* Task objective:
For the material below, reproduce exactly each line from the one that has "Jupe bleue courte" through the one that has "Ein herzerwärmender Muttertagsmoment, festgehalten", and no others; pictures stay out.

* Information shown:

-- Opening Marker --

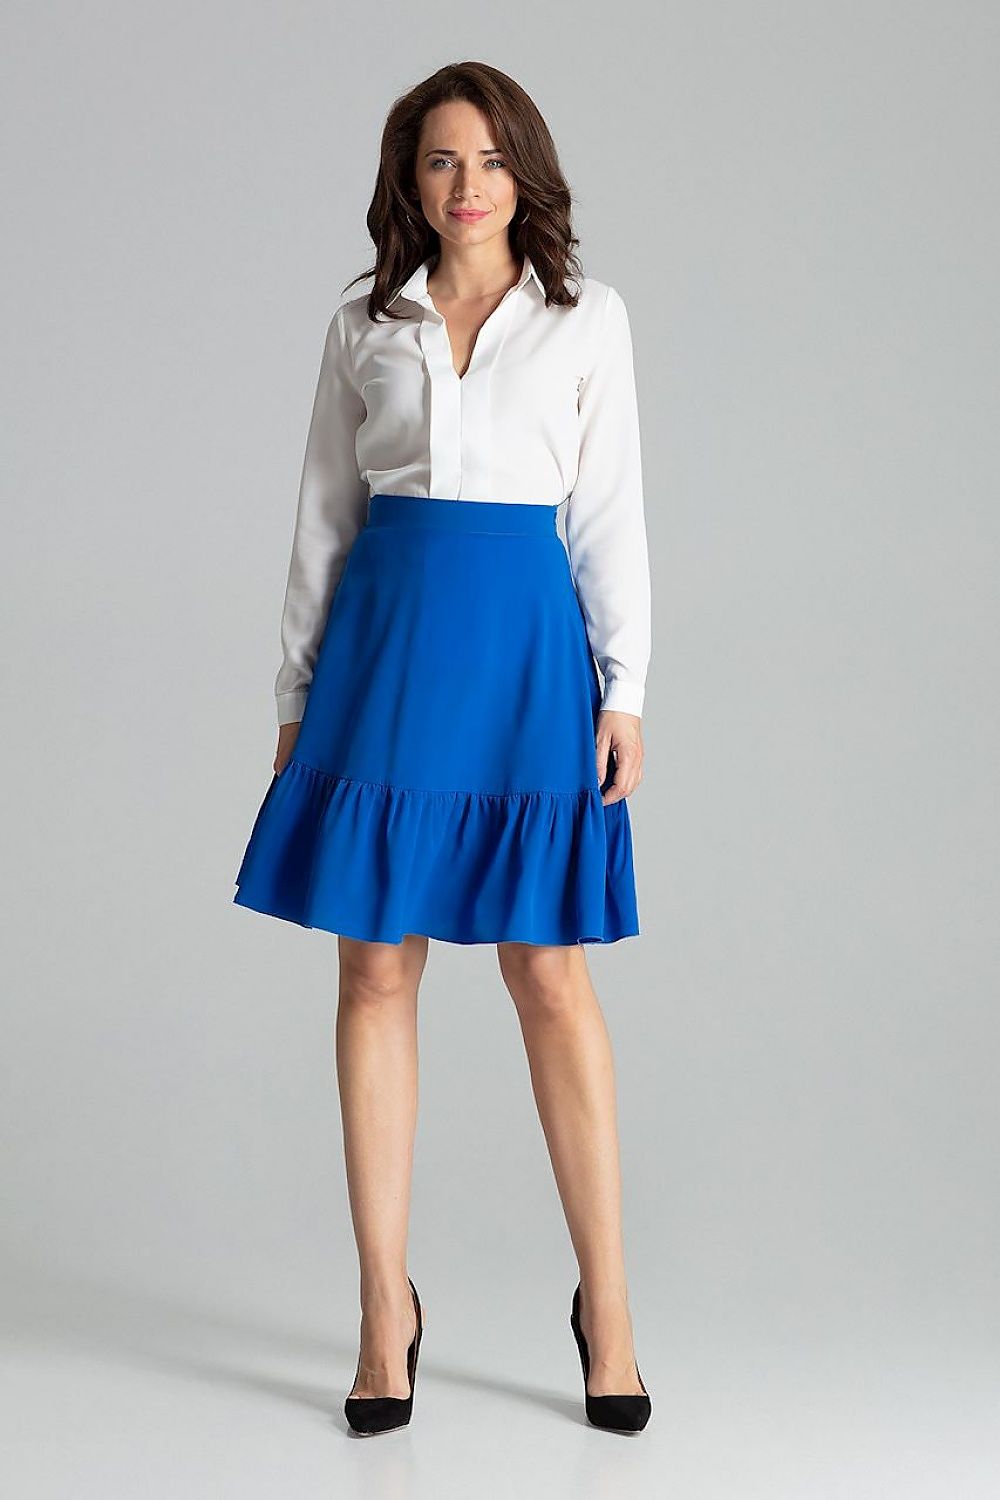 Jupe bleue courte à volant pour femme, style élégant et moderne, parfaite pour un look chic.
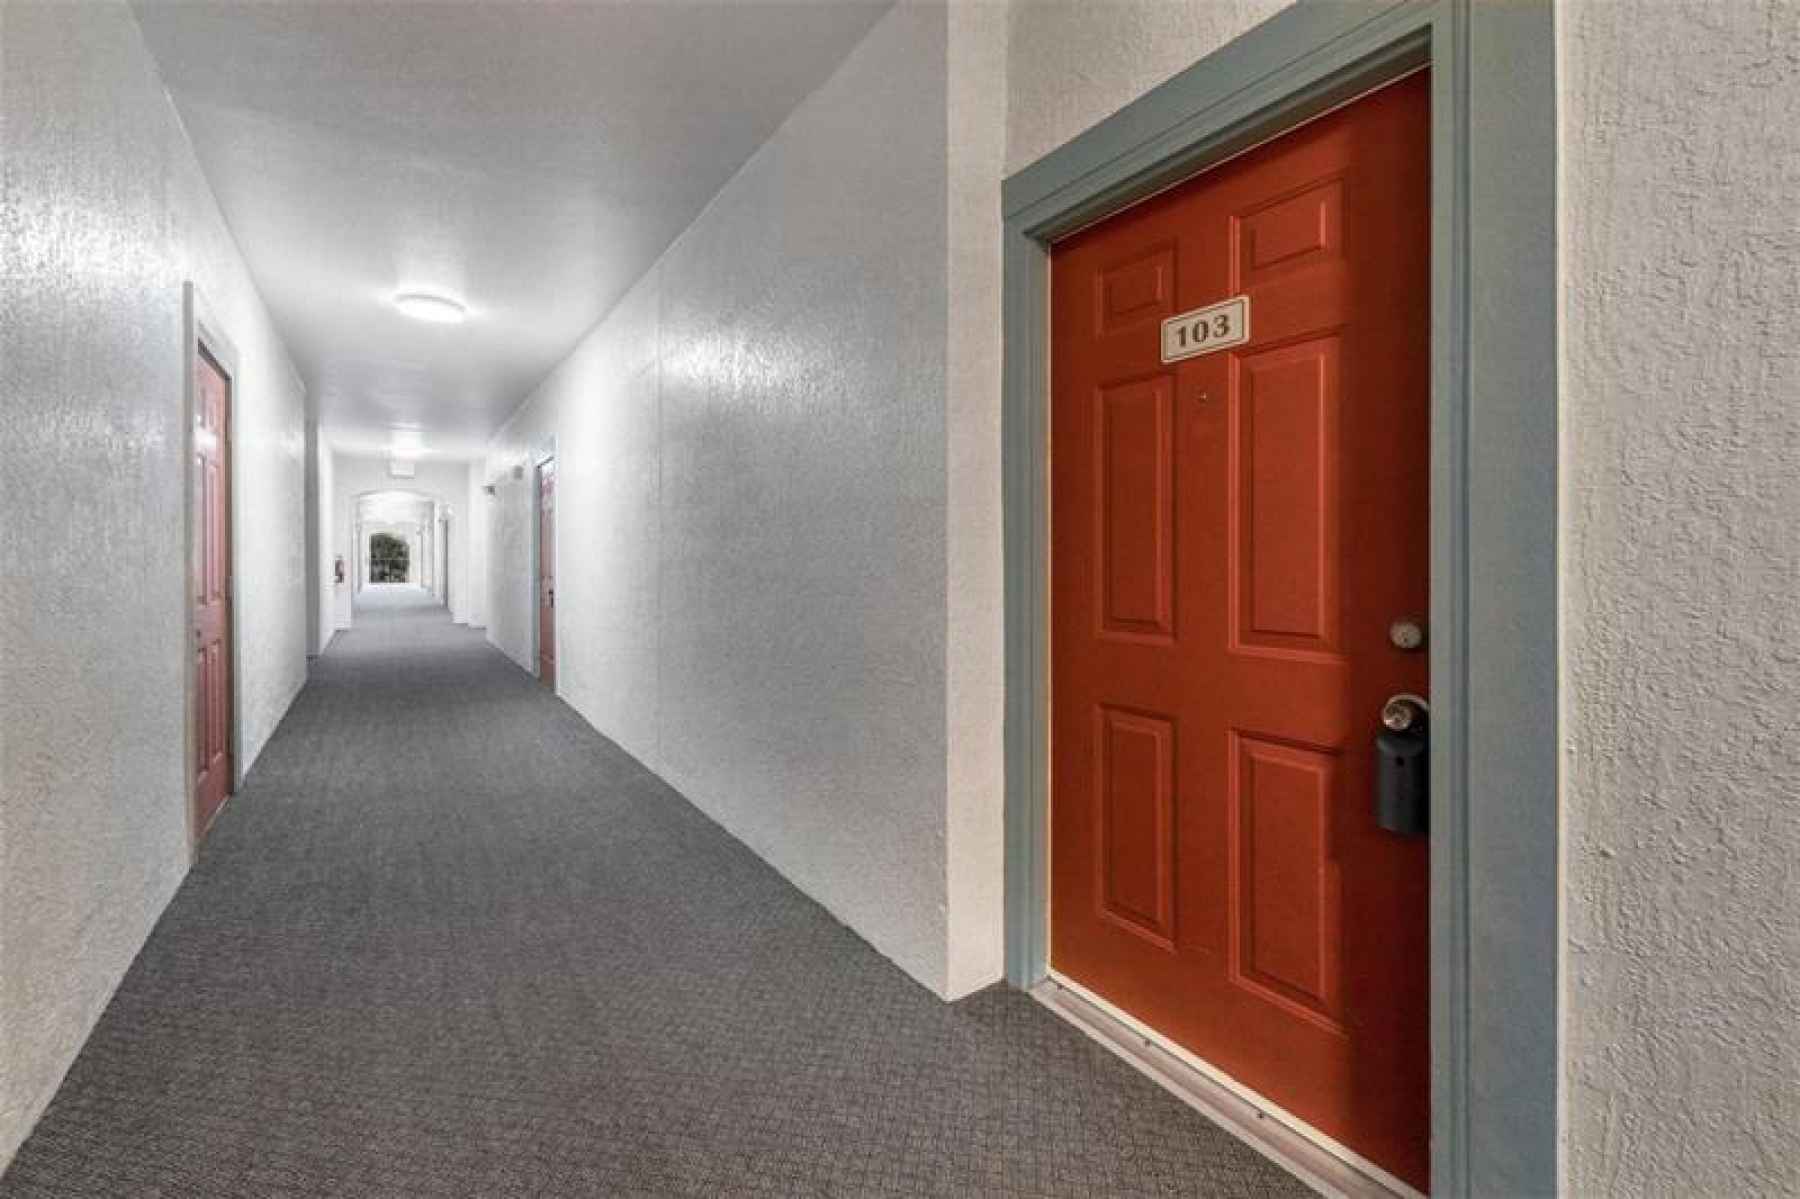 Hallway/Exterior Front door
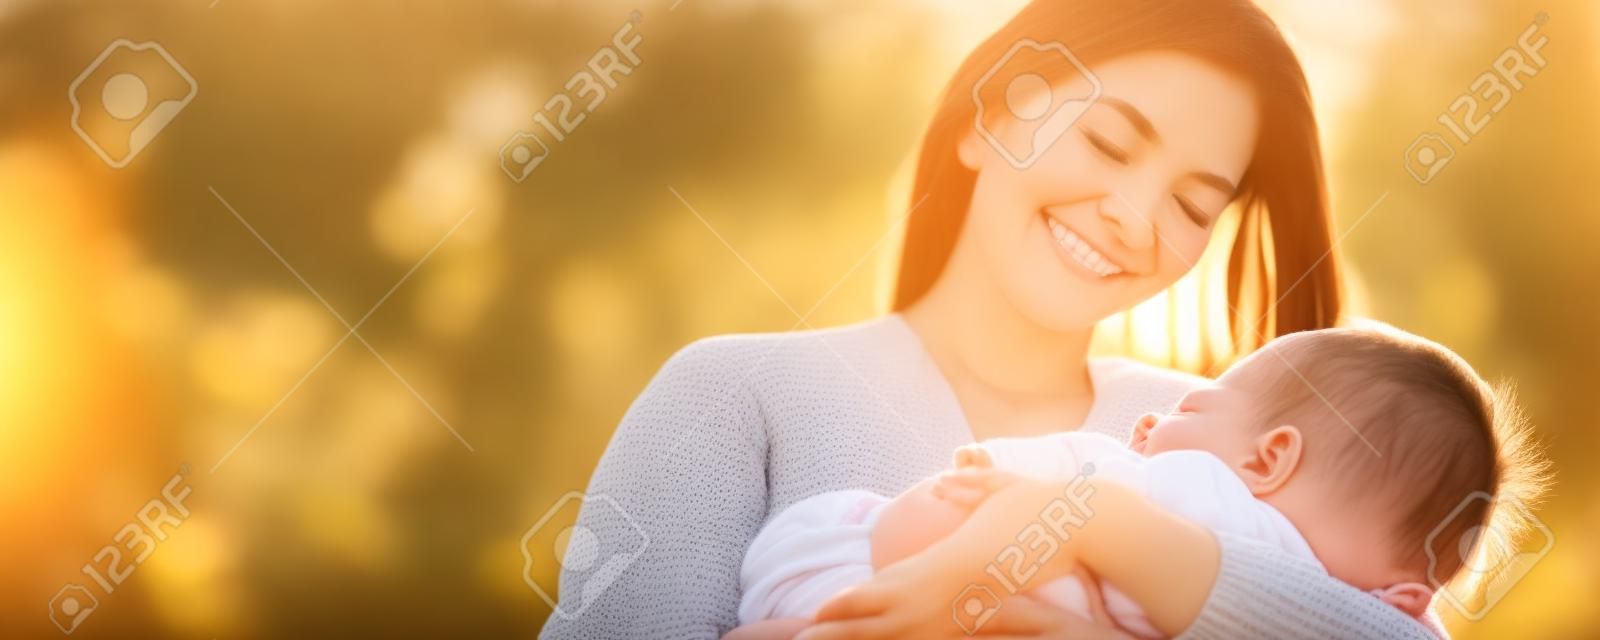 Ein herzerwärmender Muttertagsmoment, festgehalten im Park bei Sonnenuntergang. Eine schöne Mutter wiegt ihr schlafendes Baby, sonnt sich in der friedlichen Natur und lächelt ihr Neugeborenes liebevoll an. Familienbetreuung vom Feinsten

-- Closing Marker --
-- Opening Marker --

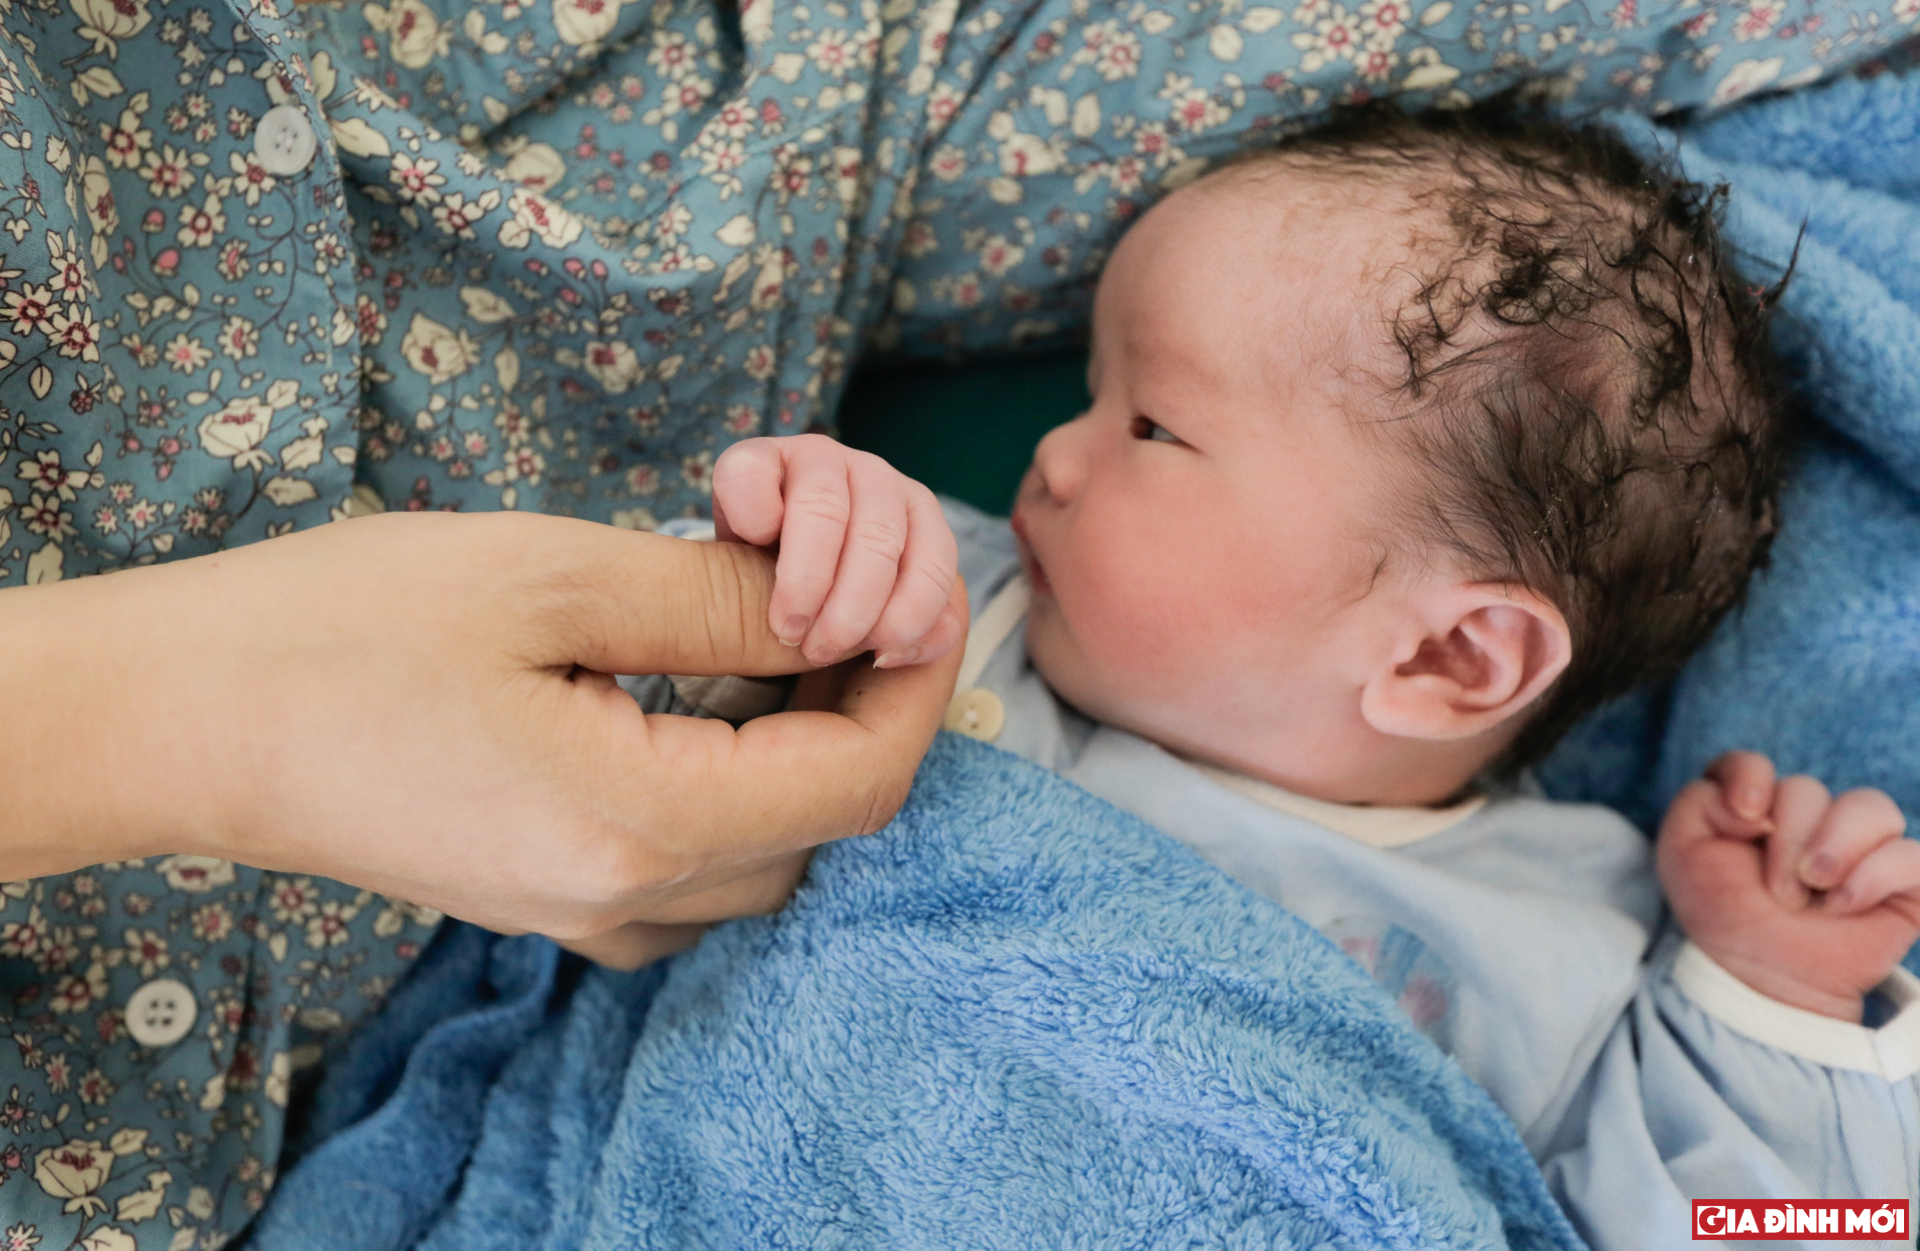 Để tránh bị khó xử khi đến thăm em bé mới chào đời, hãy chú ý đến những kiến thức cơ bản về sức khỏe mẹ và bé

-- Closing Marker --

* The completed task:
 Jupe bleue courte à volant pour femme, style élégant et moderne, parfaite pour un look chic.
 Hallway/Exterior Front door
 Ein herzerwärmender Muttertagsmoment, festgehalten im Park bei Sonnenuntergang. Eine schöne Mutter wiegt ihr schlafendes Baby, sonnt sich in der friedlichen Natur und lächelt ihr Neugeborenes liebevoll an. Familienbetreuung vom Feinsten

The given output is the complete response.